April 14, 2020
Less than 48 hours after we gave a hat-tip to the agility displayed by the IRS since the onset of the COVID-19 pandemic and its ability to create new procedures and policies in real time, the IRS had already released at least six new COVID-19 inspired pieces of guidance, tools, or updated forms. So, the agility continues. For a recap of the COVID-19 inspired legislation and related IRS guidance, Nexsen Pruet’s comprehensive COVID-19 information and insights page can be found here. On to the latest batch of guidance and tools that were released just before the Easter weekend:
Revenue Procedure 2020-24 – CARES Act NOL Carryback Guidance
Rev. Proc. 2020-24 provides guidance concerning how to file the net operating loss (NOL) carryback elections available as a result of the CARES Act for the 2018, 2019, and 2020 tax years. For more background on how the CARES Act changed the NOL rules, read this. Rev.
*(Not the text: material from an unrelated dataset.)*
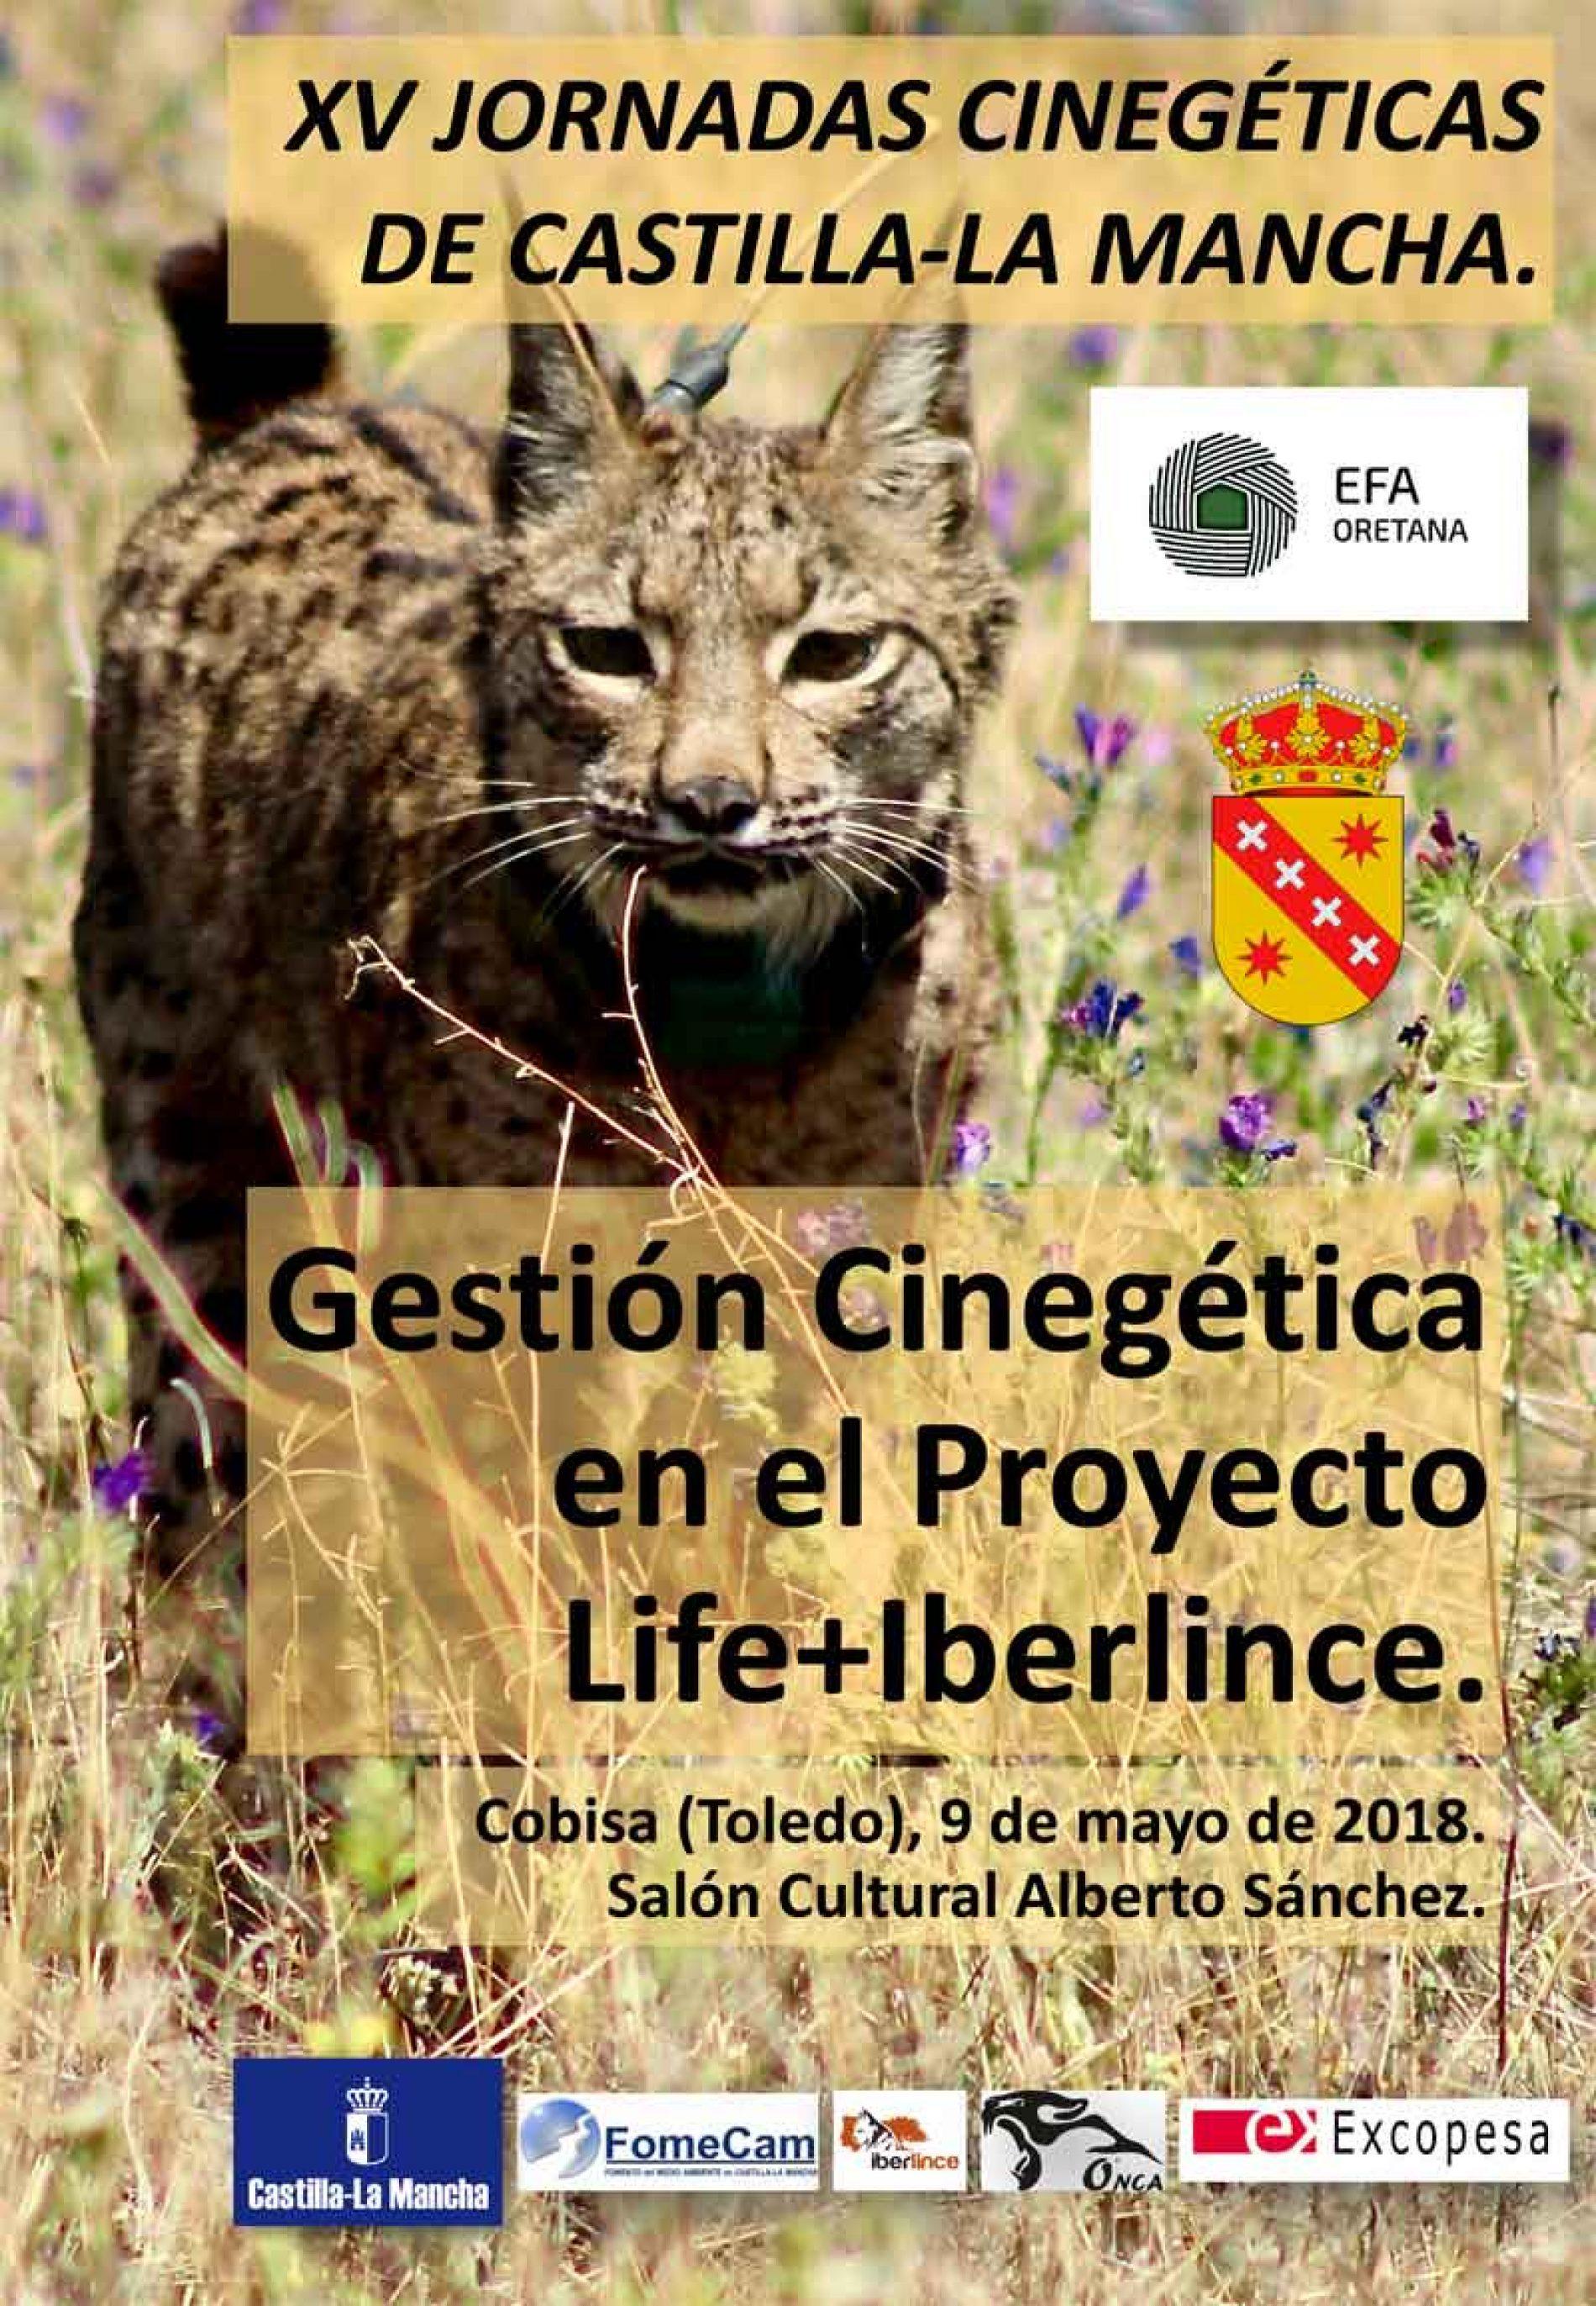 XV Jornadas cinegéticas de Castilla-La Mancha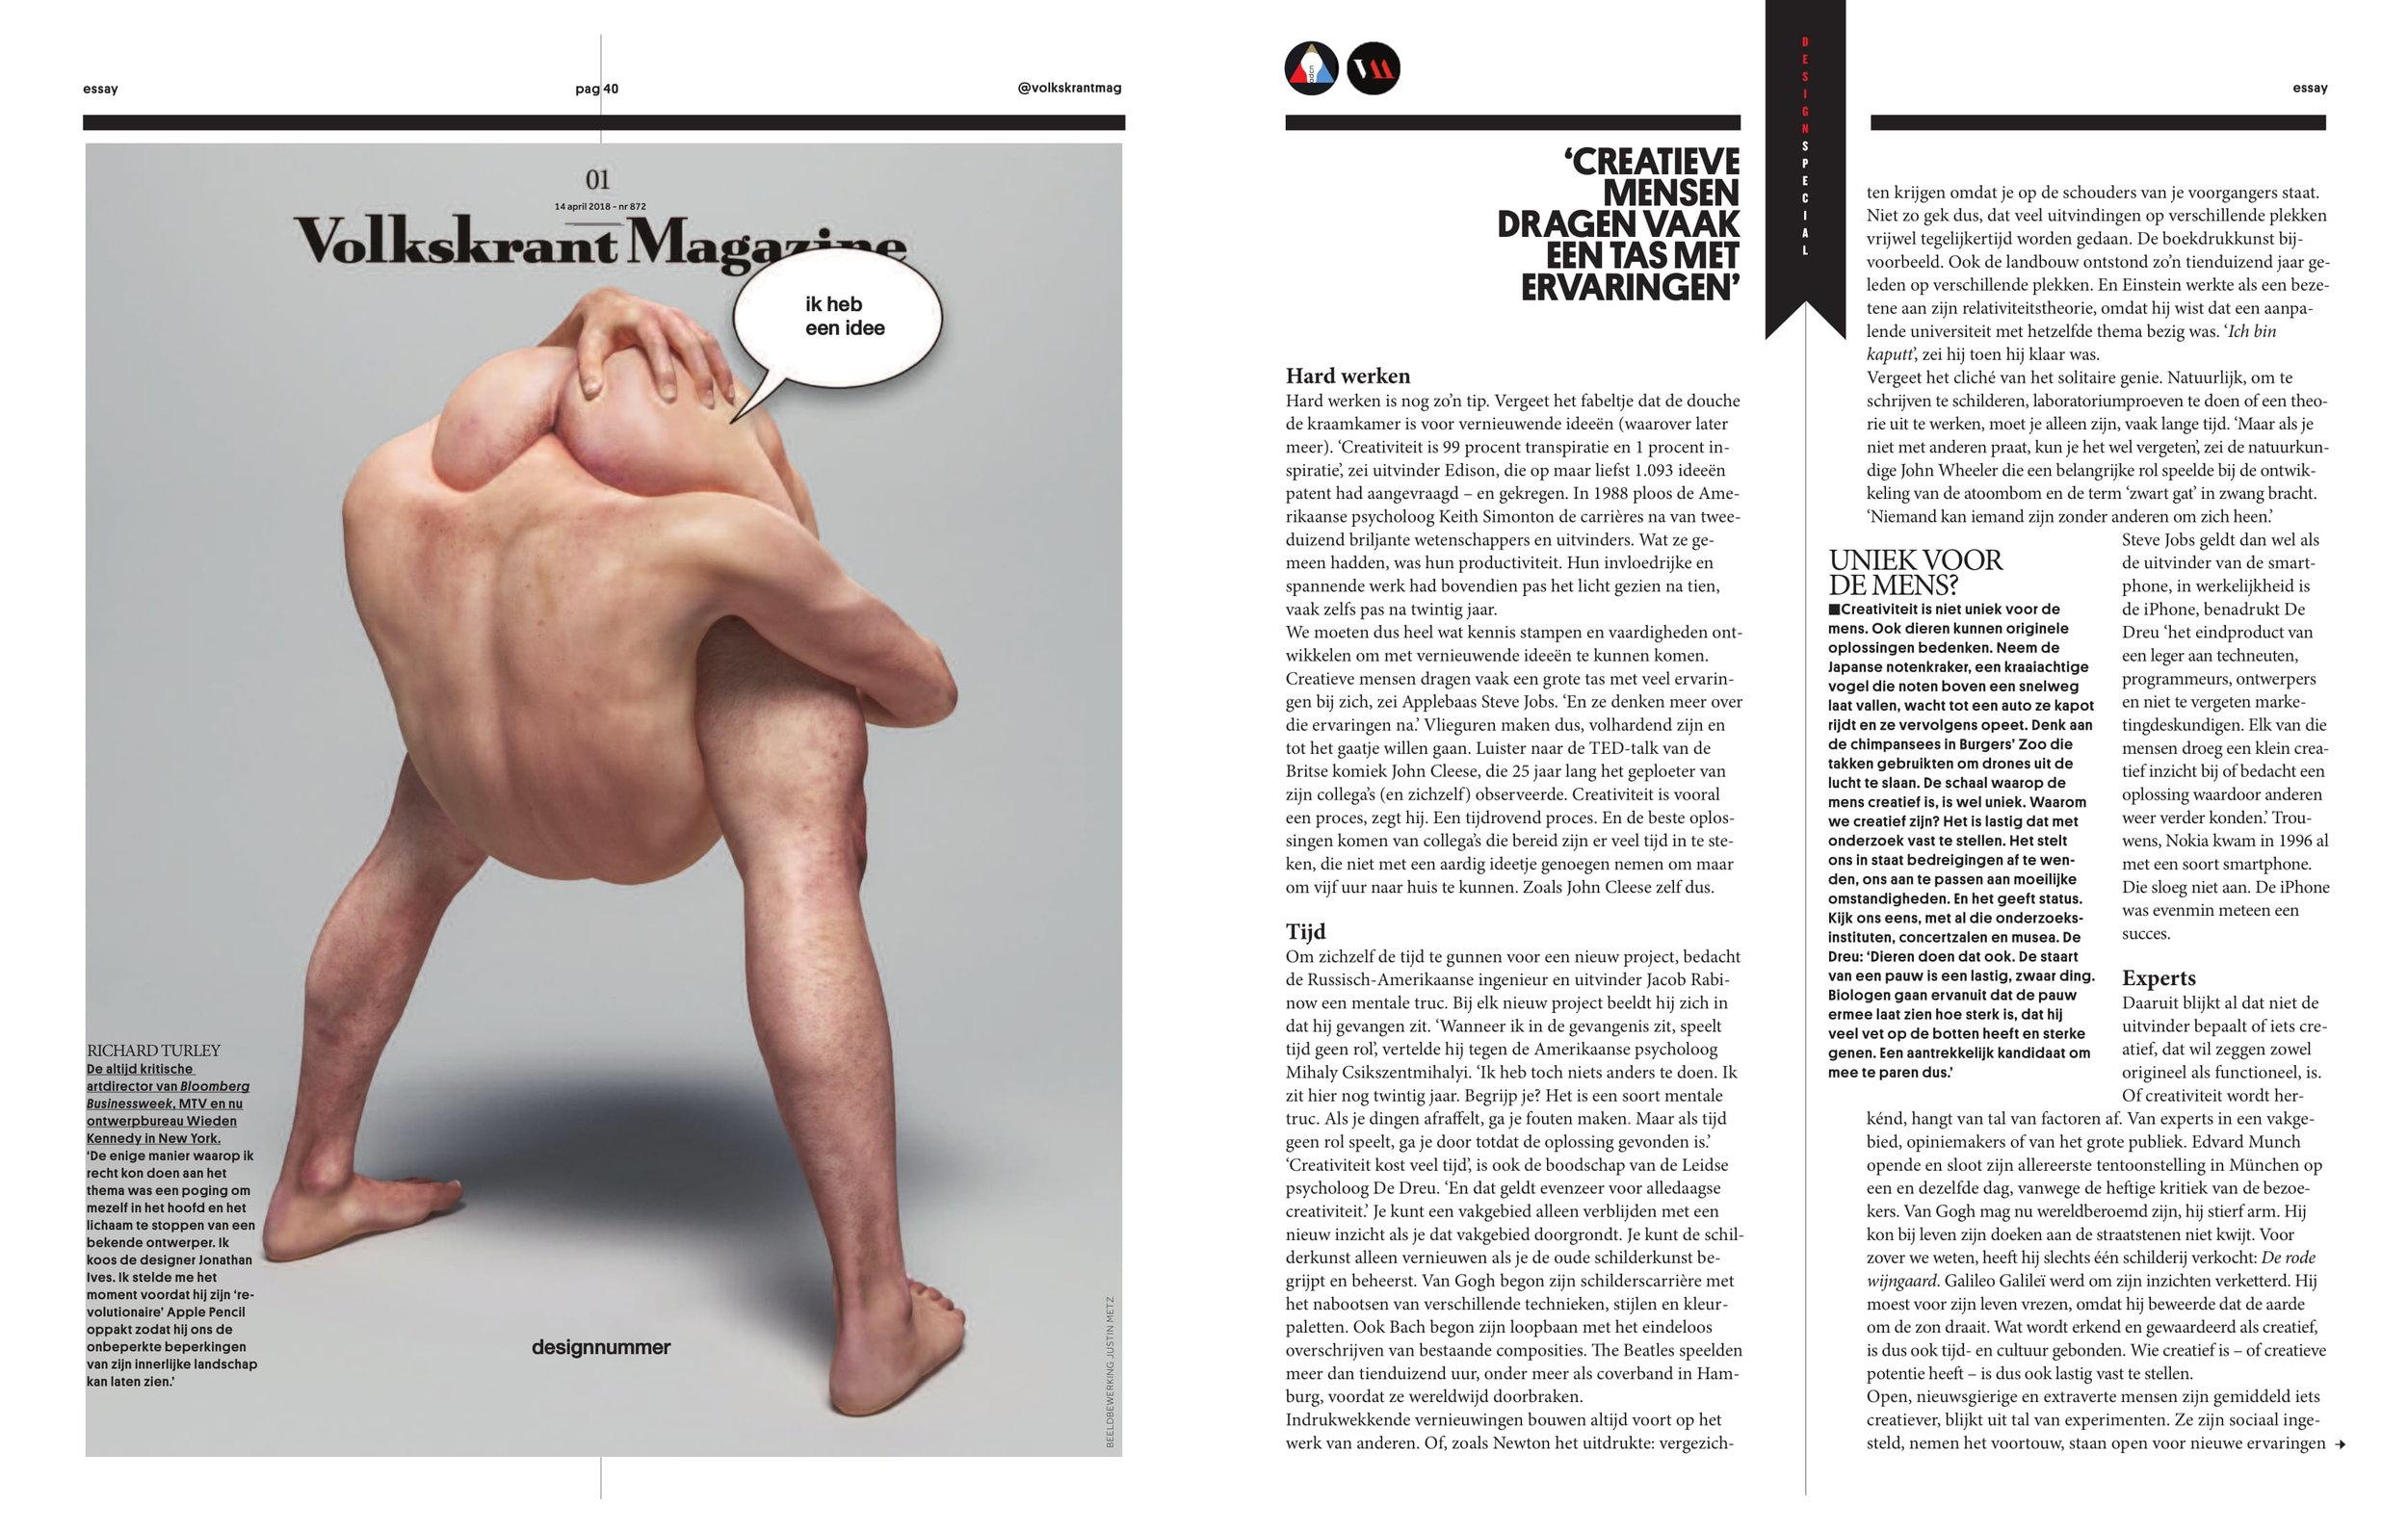 about creativity artikel-3.jpg

Proc. 2020-24 specifically covers elections for: (1) waiving the carryback period for NOLs arising in a taxable year beginning after December 31, 2017, and before January 1, 2020; (2) excluding from the carryback period NOLs arising in a taxable year beginning after December 31, 2017, and before January 1, 2021, any taxable year in which the taxpayer has a IRC § 965(a) inclusion, and (3) waiving a carryback period, reducing a carryback period, or revoking an election to waive a carryback period for a taxable year that began before January 1, 2018, and ended after December 31, 2017.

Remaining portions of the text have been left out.